手机里的内容过于吸引人,以至于贺今赋丝毫没注意到有人走进病房,直到谕杳把饭盒放到床边的桌子上他才察觉到谕杳的存在。

贺今赋熄屏手机,抬眸看向摆餐盒的动作迅速到不愿意浪费一秒钟的谕杳。

谕杳拿出筷子要给贺今赋,垂下眼,和他四目相对。谕杳快速的收回视线,故作镇定道:“我只是今天送一次,以后都是护工送。”

贺今赋不理人,他偏过头摁开手机,再一次忽视谕杳的存在。谕杳也不乐意和他做过多的交流,没和他说一句林非爱让说的话就抬脚离开。

两分钟不到的时间,贺今赋已经被鹿淼消息轰炸。他点开名为“五耻之徒”的qq群聊。

群成员是贺今赋、鹿淼、闫裳、宋江阳、盛明尧。

这个群在闫裳出事之后就没在有过水花,不知道今天鹿淼抽了什么疯开始狂发消息。

贺今赋没耐心看完所有消息,即使开免打扰对方艾特自己也会有提示,所以他退出了群聊。

贺今赋刚点击退群,下一秒鹿淼就推开病房门走了进来,她一贯的咋咋呼呼,此刻的眼角反常的噙着泪水,受了大委屈的模样。

宋江阳跟在她身后,没哭,只是很狼狈,从脸到脖子到处都是鲜血淋淋的抓痕。

贺今赋的注意力在宋江阳身上,他习惯性的皱起眉毛,“怎么个事。
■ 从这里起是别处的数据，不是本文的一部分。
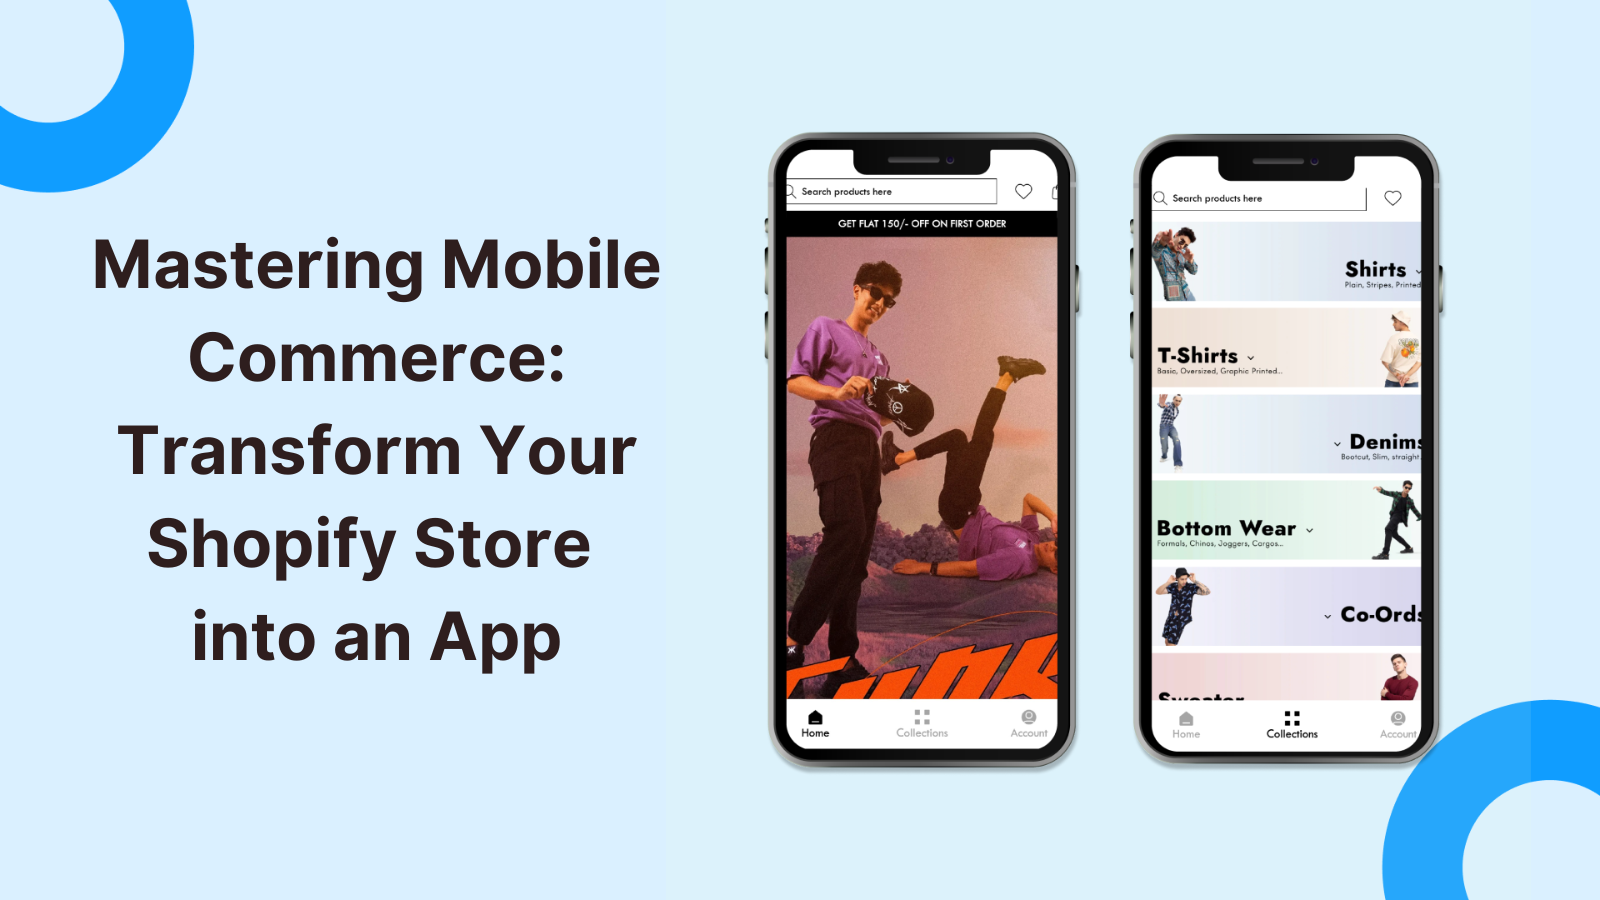 Mastering Mobile Commerce: Transform Your Shopify Store into an App with Appbrew

”

他问的是宋江阳,开口说话的却是鹿淼。

鹿淼呲牙咧嘴的指着宋江阳,哭哭啼啼的斥责道:“他非说闫裳是活该,你也活该。”

宋江阳的确是这意思,但在贺今赋面前被揭露出来,他做不到坦荡依然心有余悸,所以他违背良心的解释道:“我可没有这么说啊赋哥,天地良心,我跟你这么久了怎么会说你活该?”
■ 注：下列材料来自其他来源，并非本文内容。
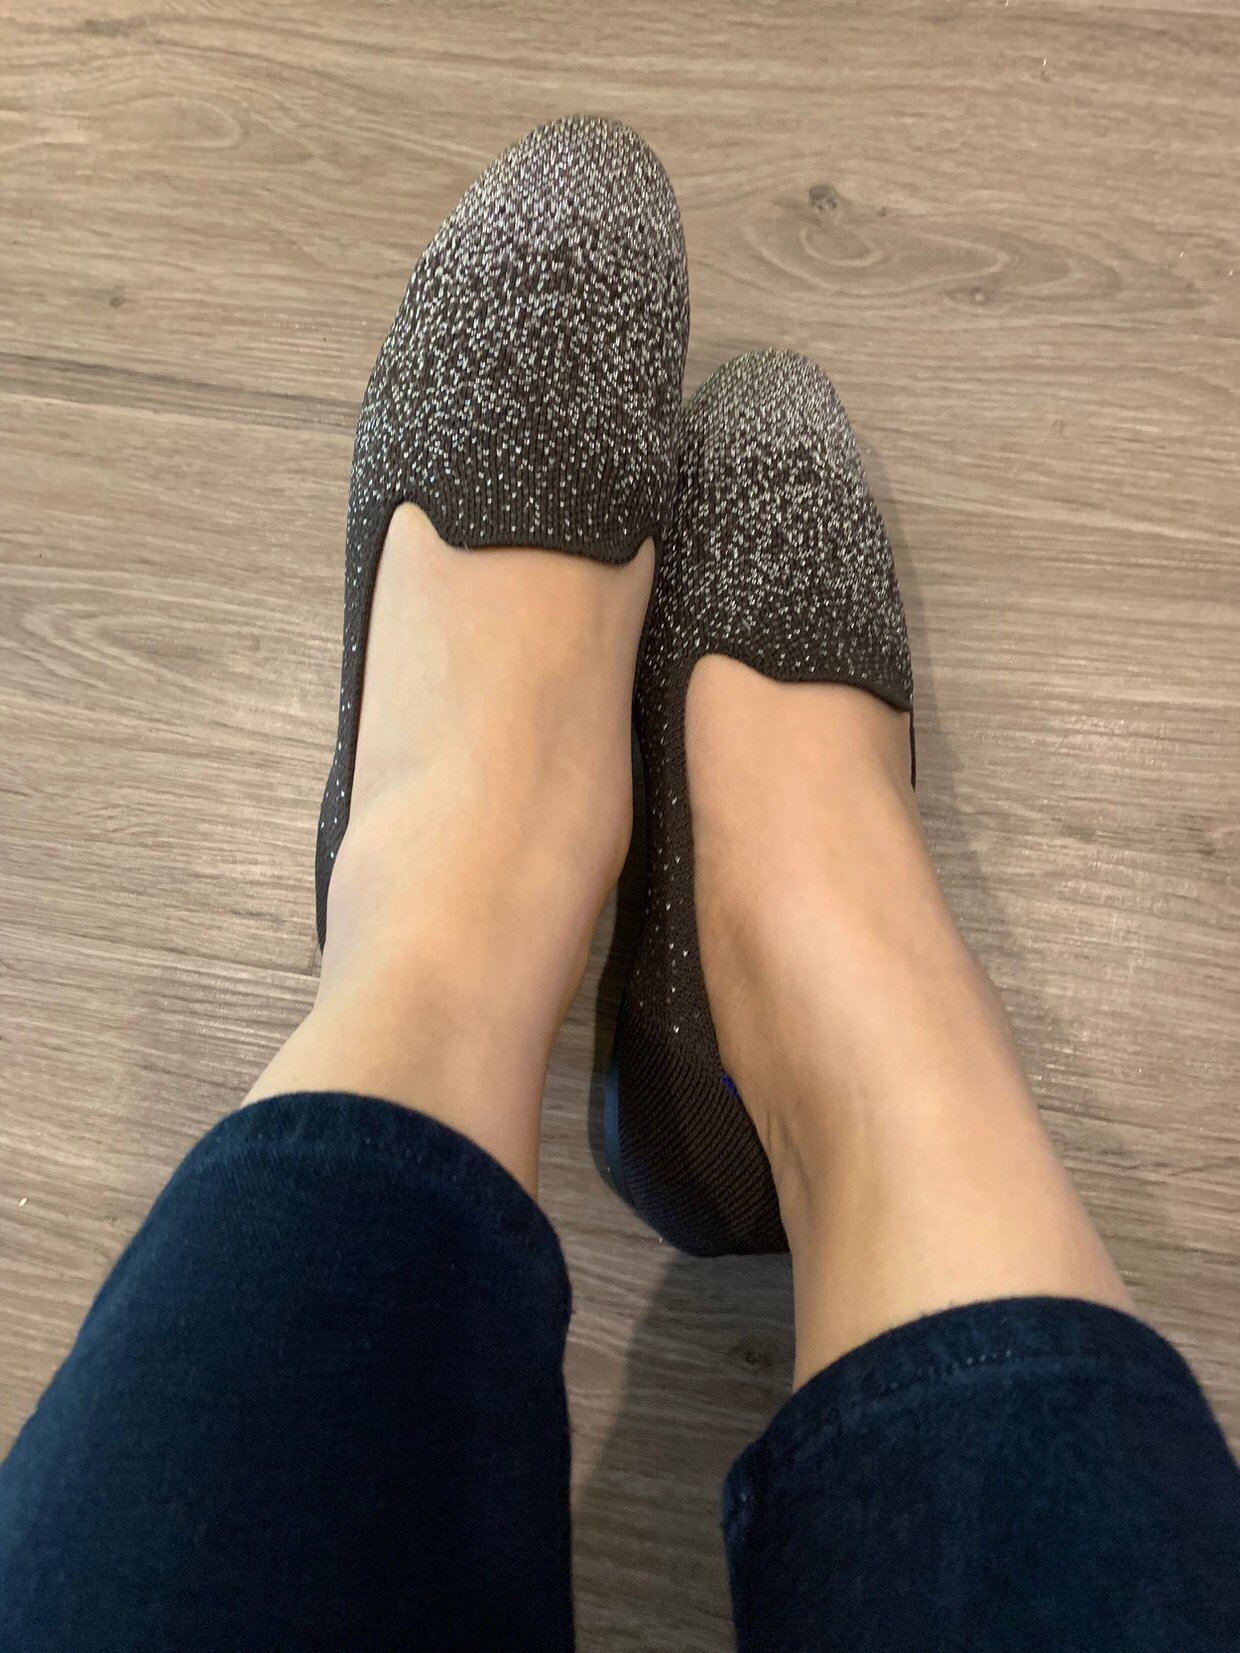 shoes similar to rothy's loafers

鹿淼和宋江阳经常一句话不对付就开始互撕,贺今赋耳朵快起茧子。

贺今赋也不关心事实究竟是怎么样,也不相信任何一个人,“都滚出去。”他语气凛然,眼神冷的的像是在冰水里浸过,烦躁的情绪已经占据全身。

话音落下,鹿淼转身就跑了出去,边跑边抹眼泪。

宋江阳知道贺今赋近来脾气已经差到了新高度,加上昨晚的事情做导火线,宋江阳也不敢多待,放下果篮,说了几句客套的探病话就撒丫子跑走。

贺今赋出院之后也不经常回家,都在酒店里住着,每晚跟狐朋狗友夜夜笙歌,身体承受不住就再住几天院。

贺立山管不住贺今赋,每次打电话说教不上几句就被挂断,一切联系方式再几次的唠叨之下被贺今赋拉黑。

就连除夕夜贺今赋也没回家吃团圆饭,贺老爷子知道这事把贺立山骂的狗血淋头说都是他非要把那对母女接进门,惹得家里鸡犬不宁。

贺立山说不担心贺今赋是假的,他害怕他在外胡作非为,用林非爱的手机打给他,接电话的是刚恢复好出院的闫裳。

“贺叔叔您不用担心,哥哥一直住在我家。”

知道贺今赋和闫裳在一起,贺立山也不再过问什么,毕竟闫氏夫妇把贺今赋视如己出,贺今赋在他们面前也能收敛止脾气。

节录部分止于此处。